> **TASK OBJECTIVE**
Each line from the one containing "Nearly 6 years" to the end of the entries is to be repeated exactly, and no other line.

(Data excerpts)
Content starts

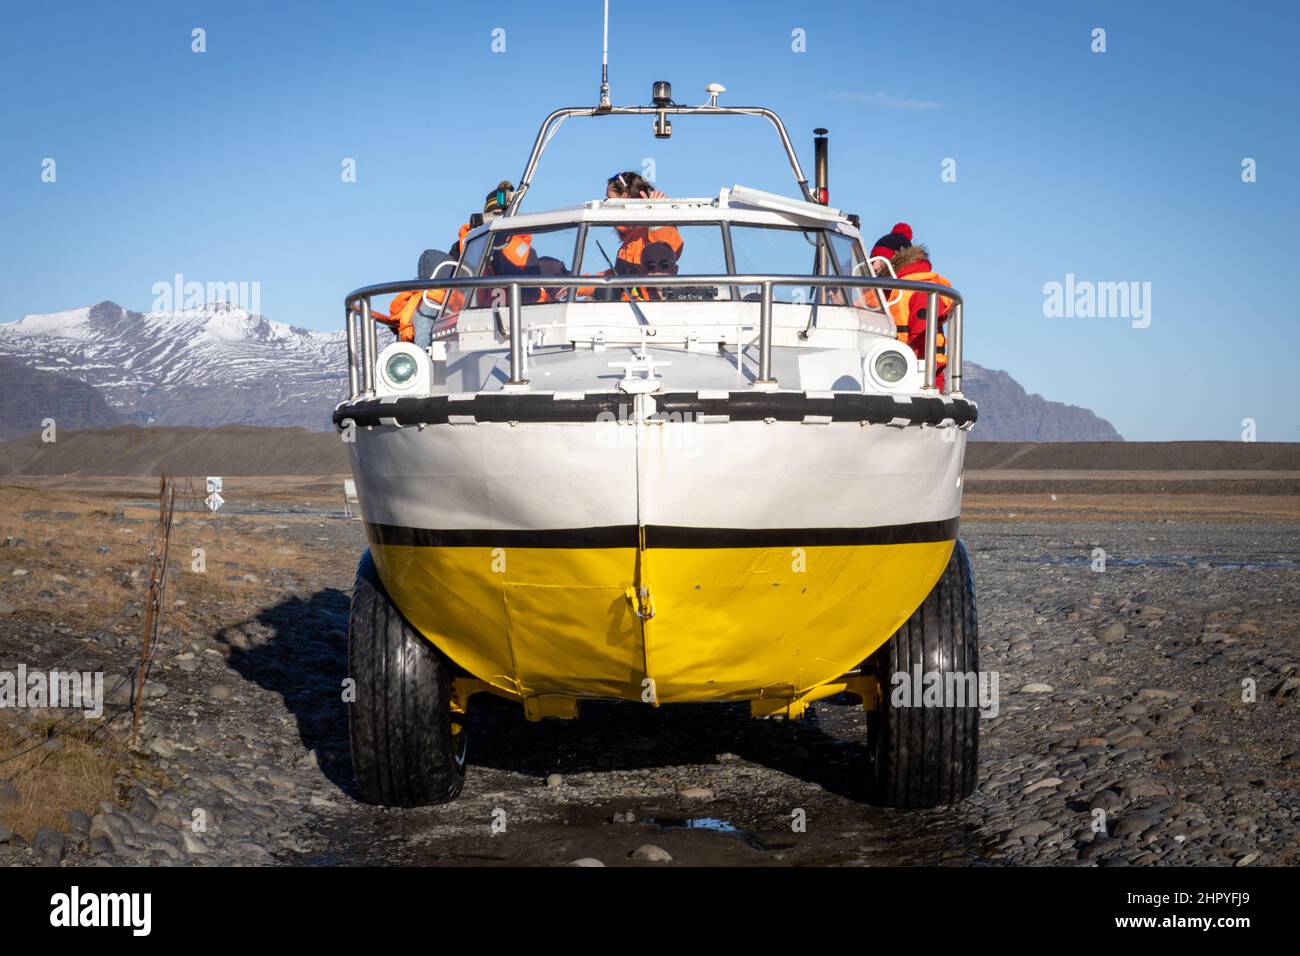 Picture of the boat used in the tour among the icebergs coming from the Skaftafellsjokul glacier in the Jokulsarlon lagoon in Iceland Stock Photo
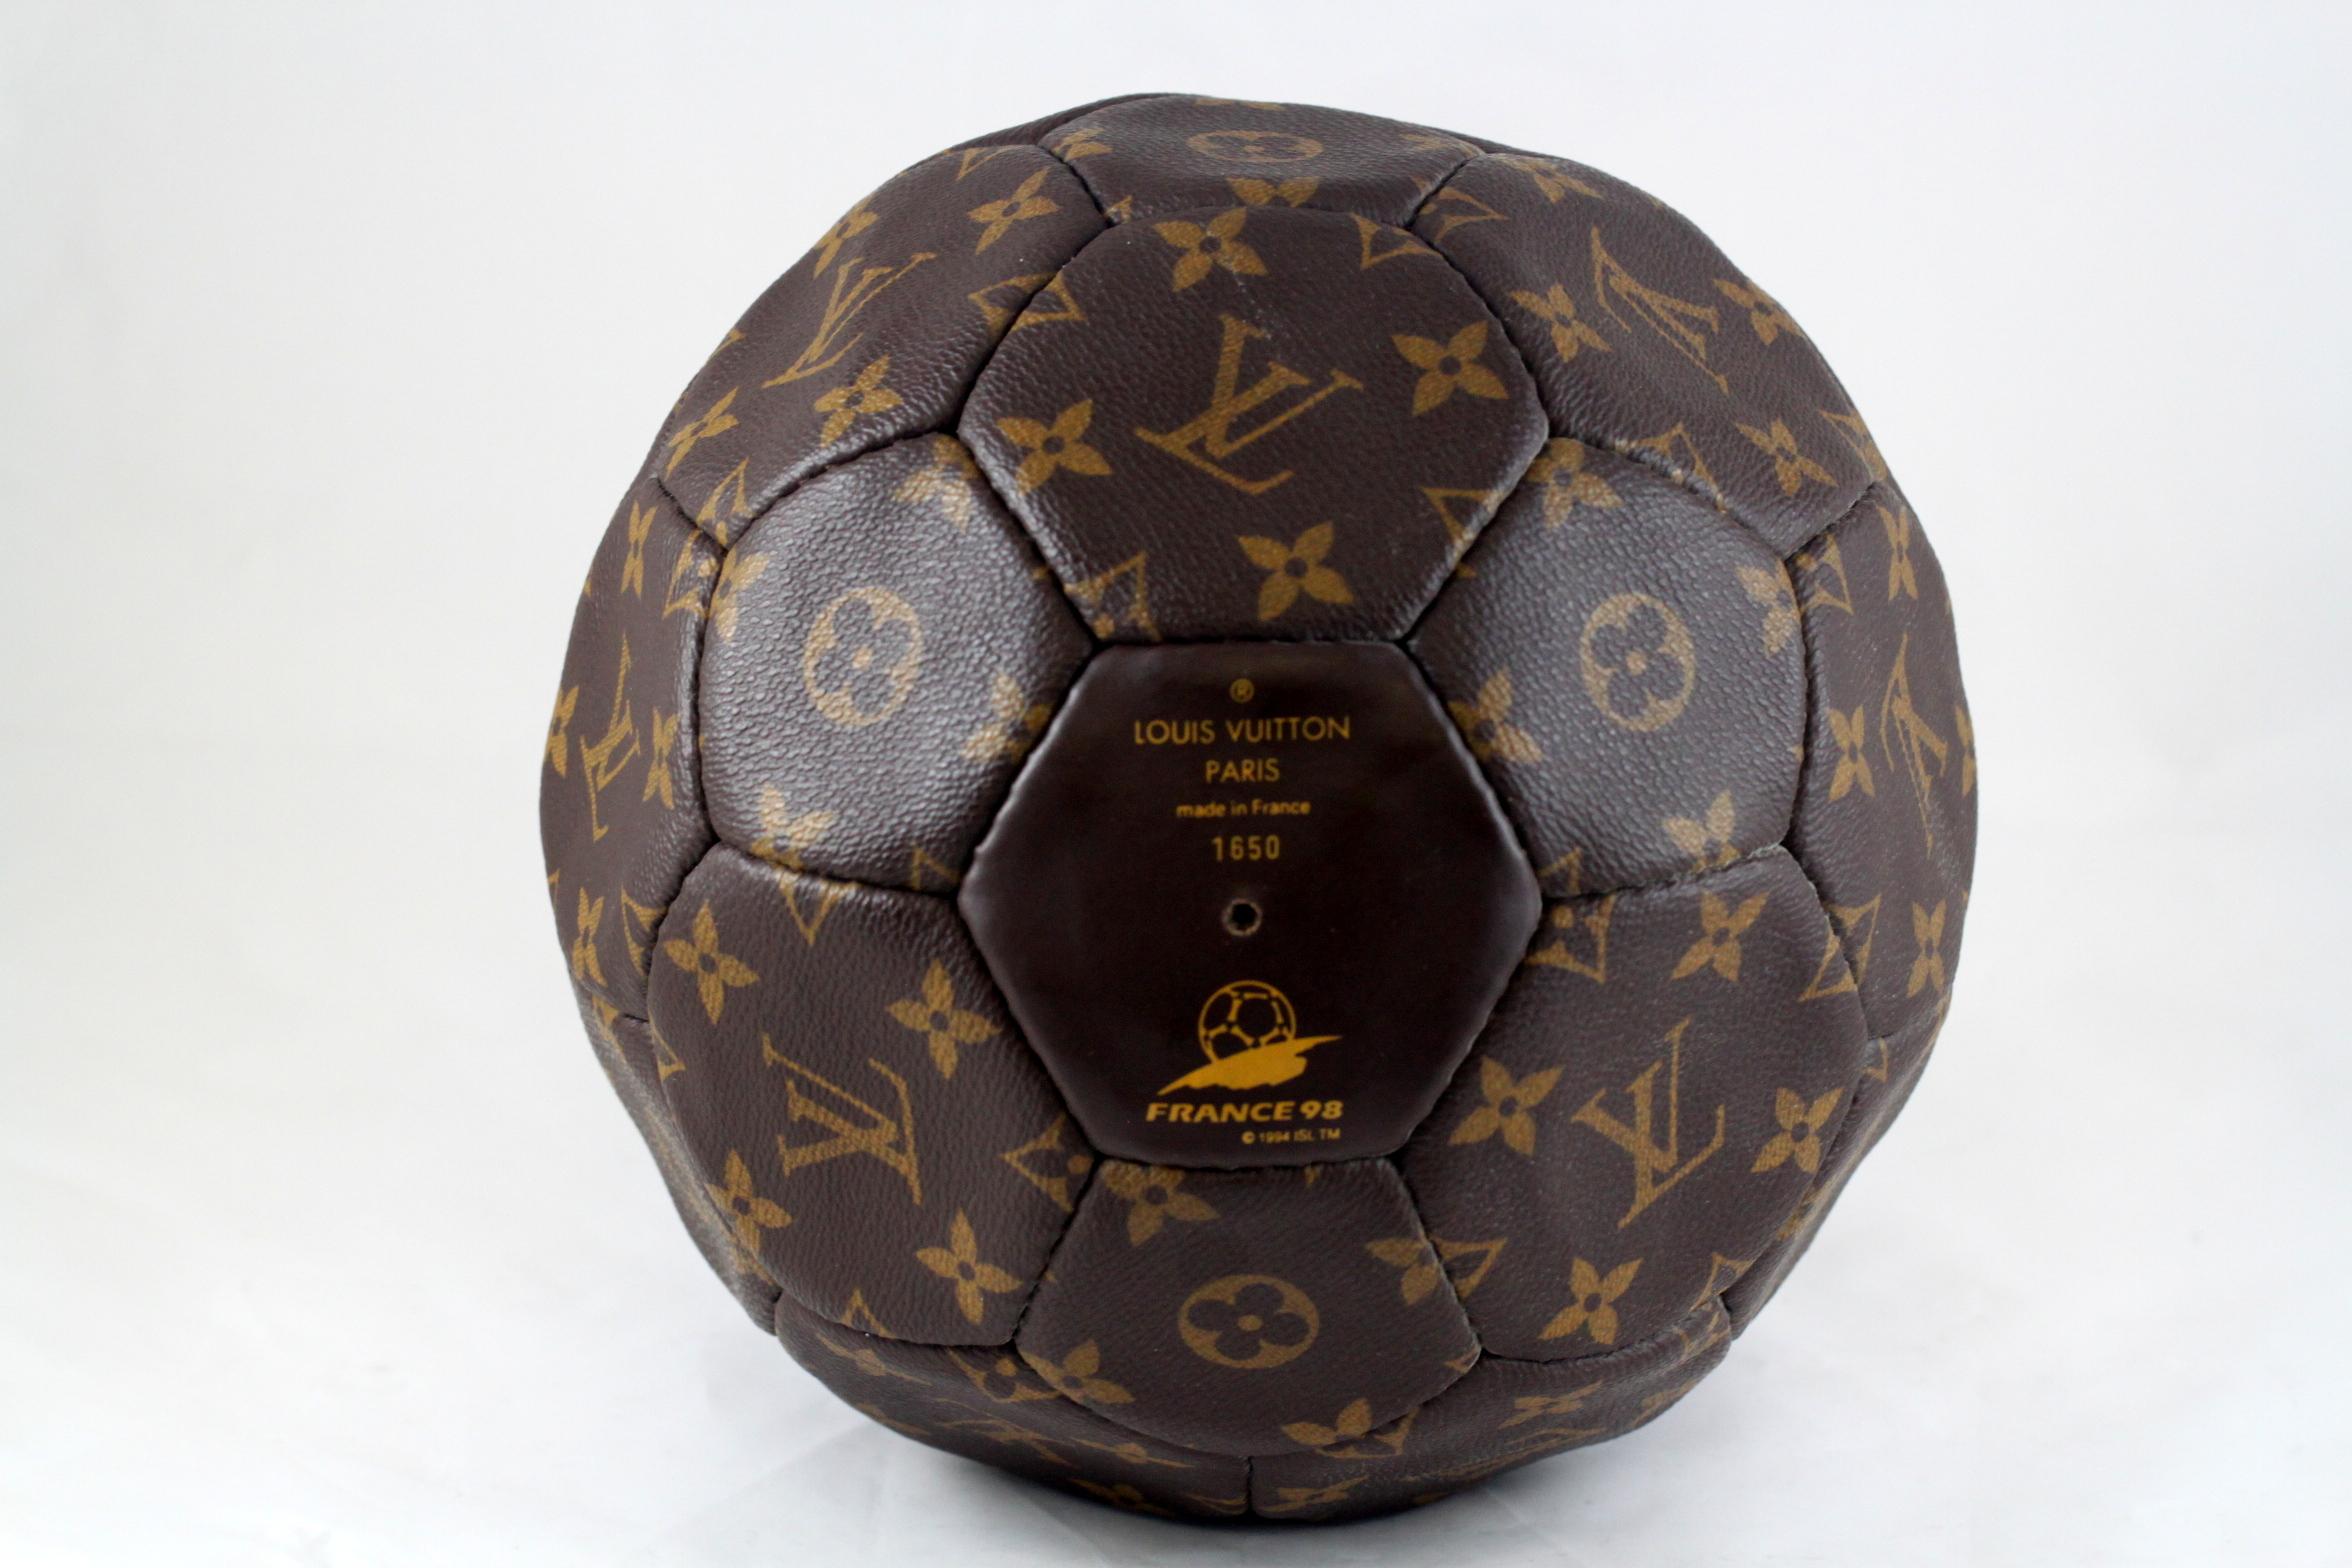 louis vuitton rugby ball price
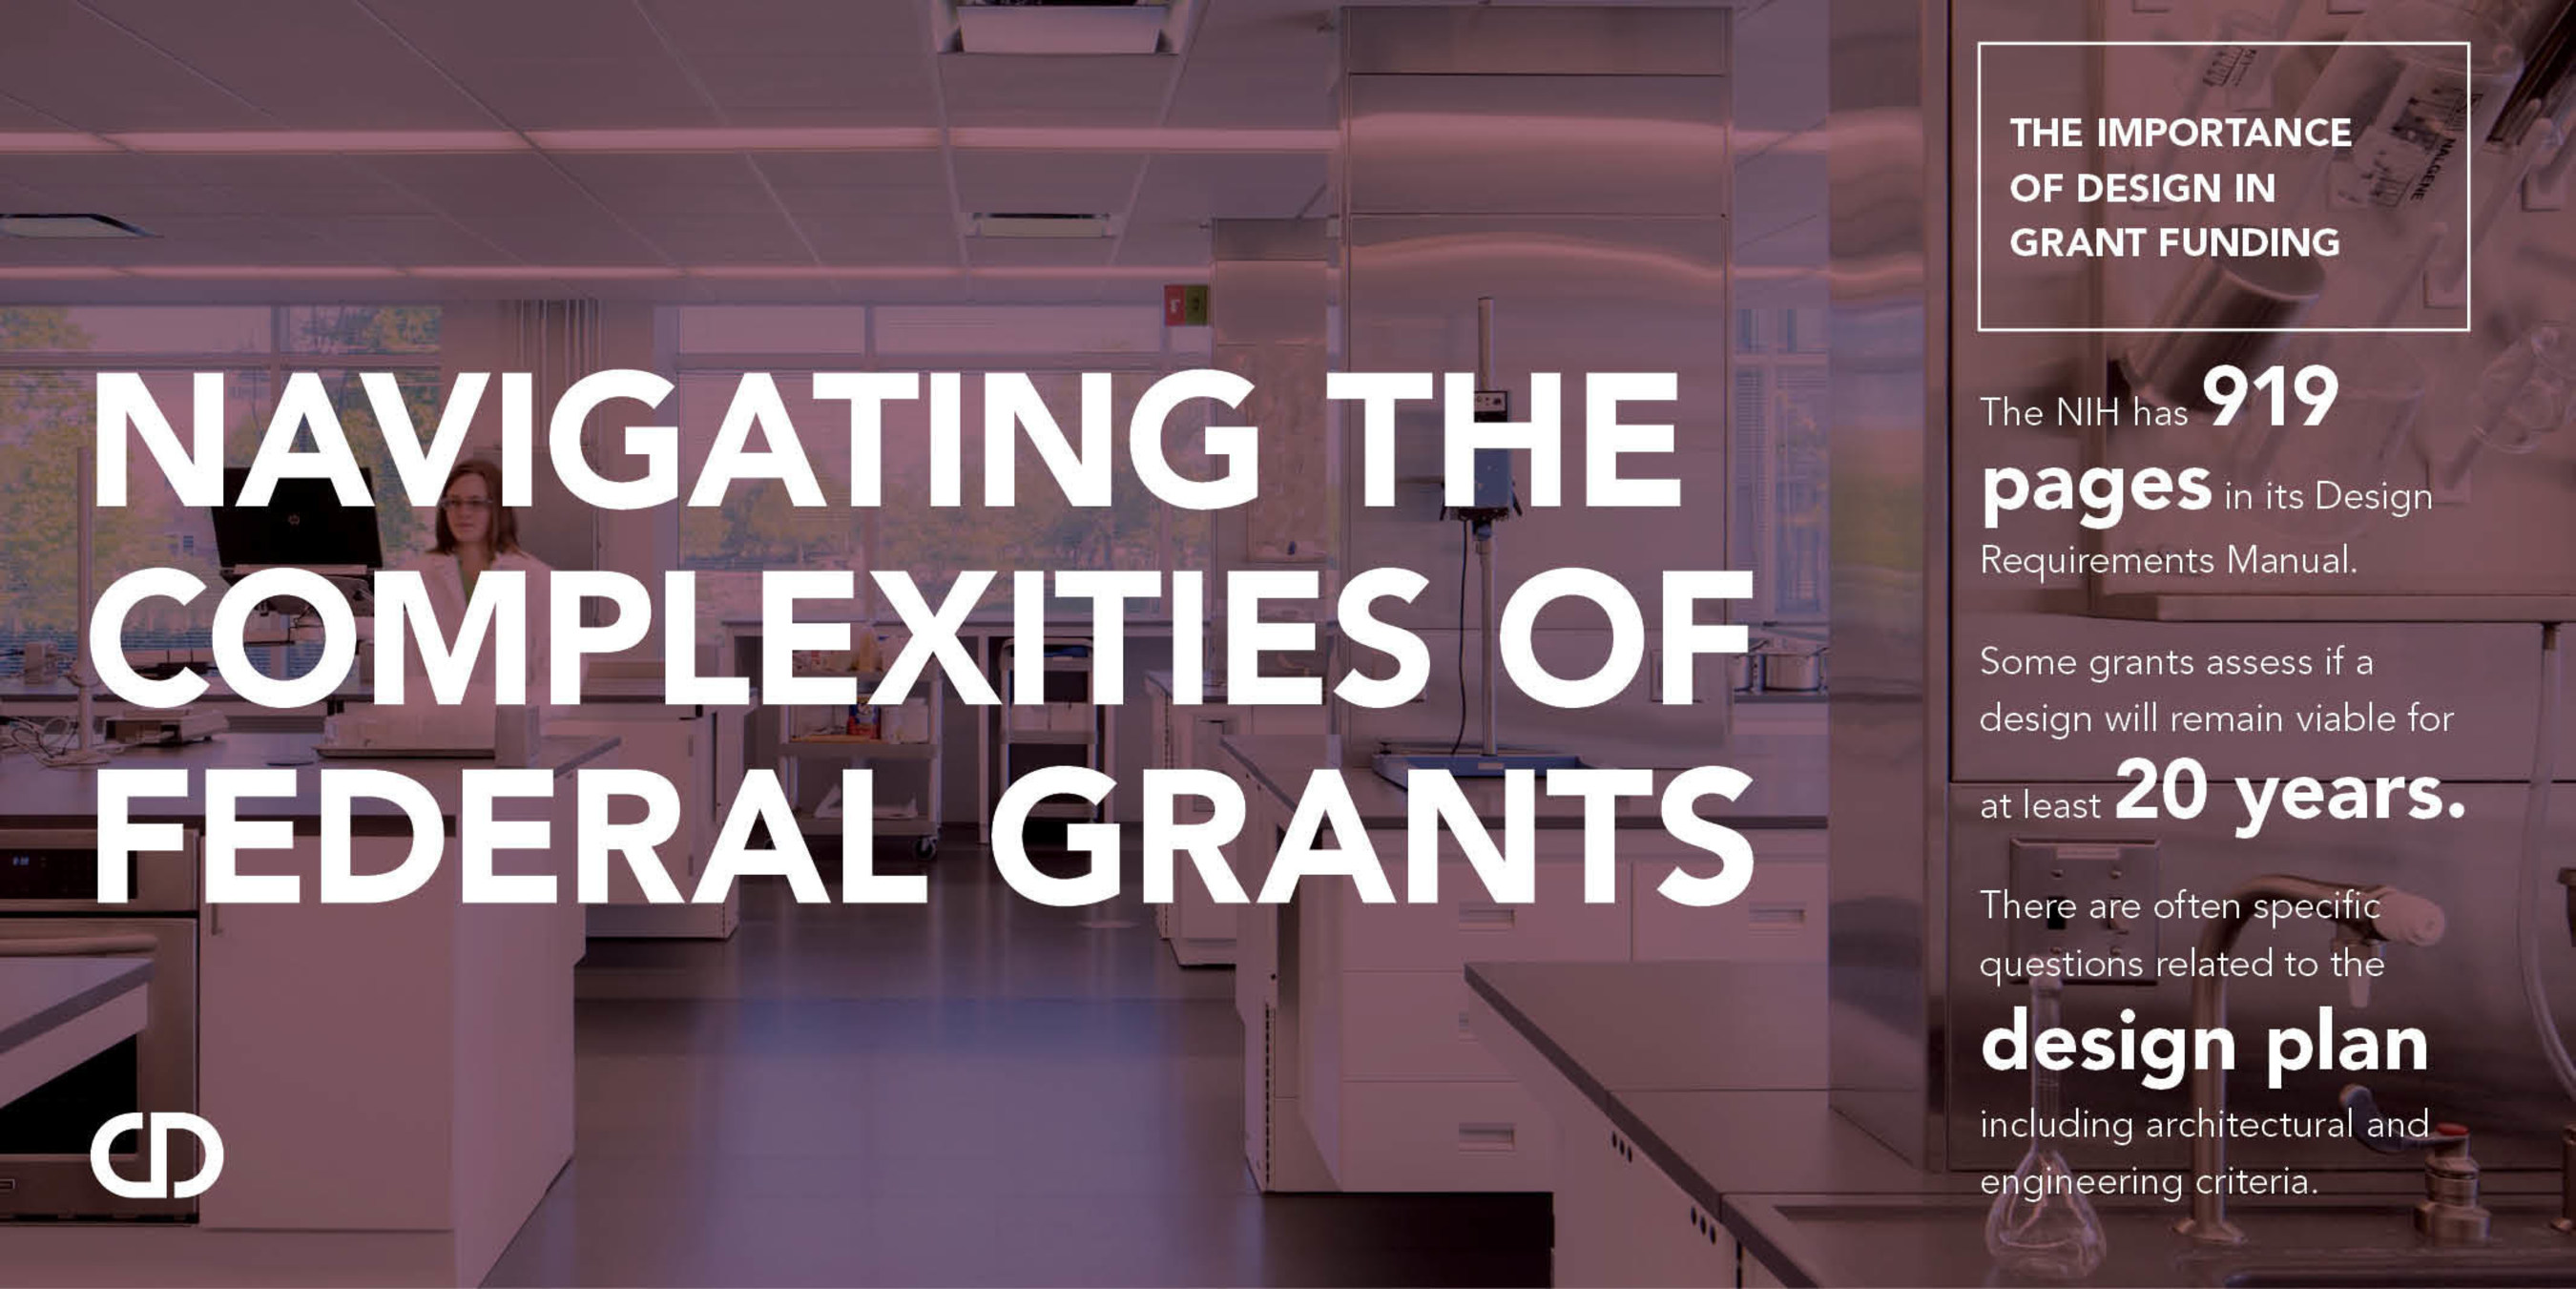 CannonDesign releases new infographic to help universities navigate the complexities of federal grants.
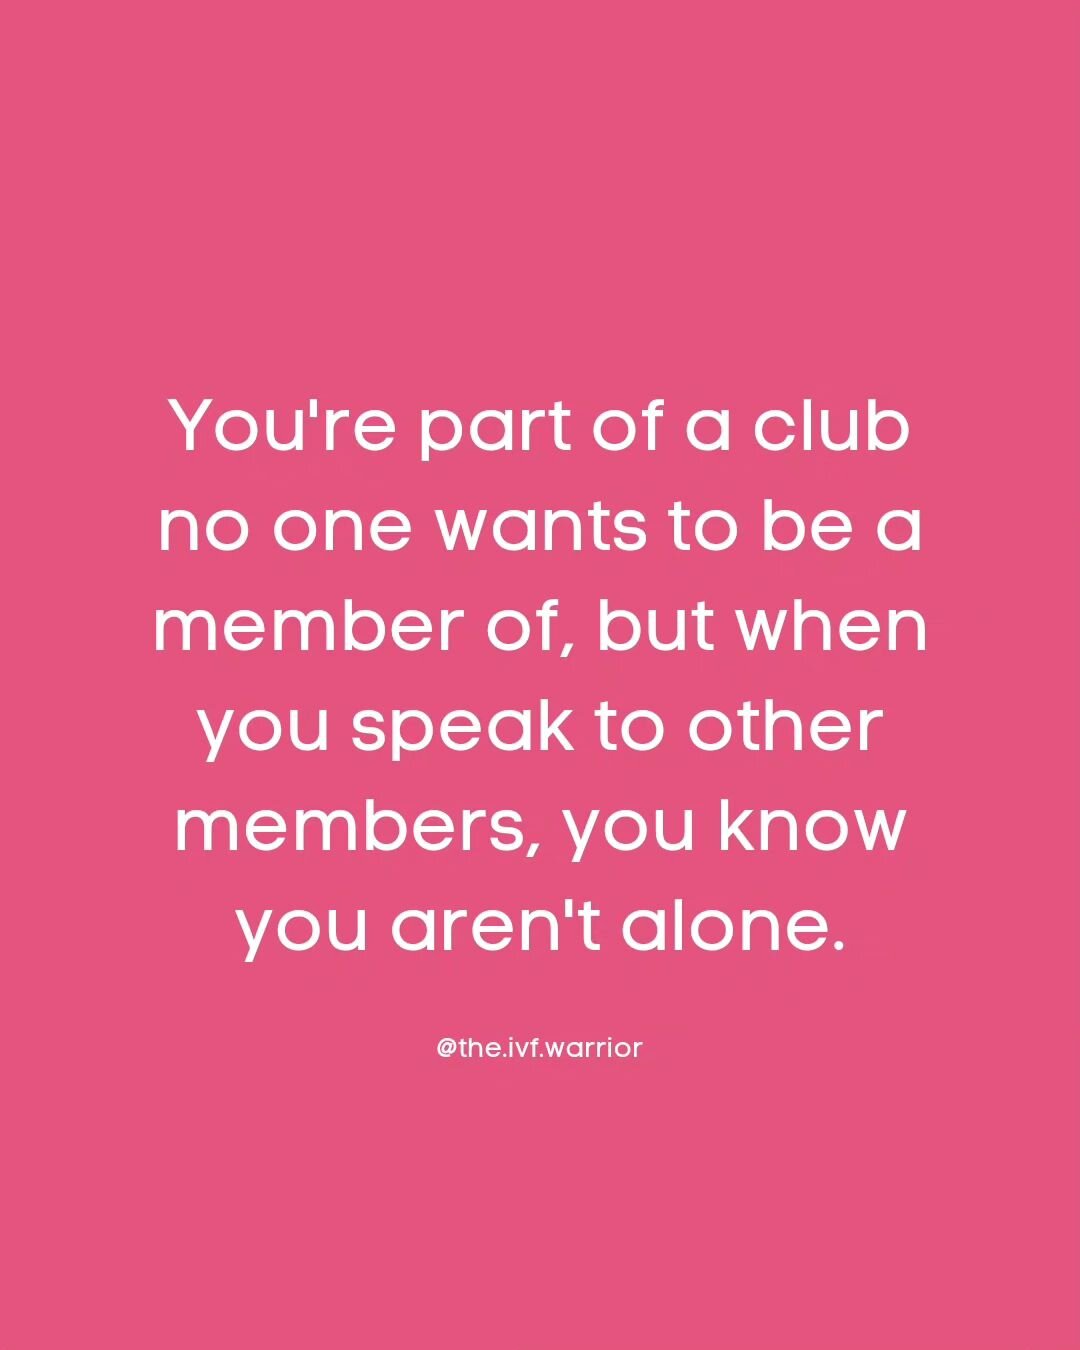 Worst club, best members ✨

Nearly 6 years ago, I started this community and haven't looked back. 

It's been such an honor getting to know so many of you. Cheering you on and providing some support, hope, and resources. 

Thank you for being here. I

Content ends

> **FINISHED TASK**
Nearly 6 years ago, I started this community and haven't looked back. 

It's been such an honor getting to know so many of you. Cheering you on and providing some support, hope, and resources. 

Thank you for being here. I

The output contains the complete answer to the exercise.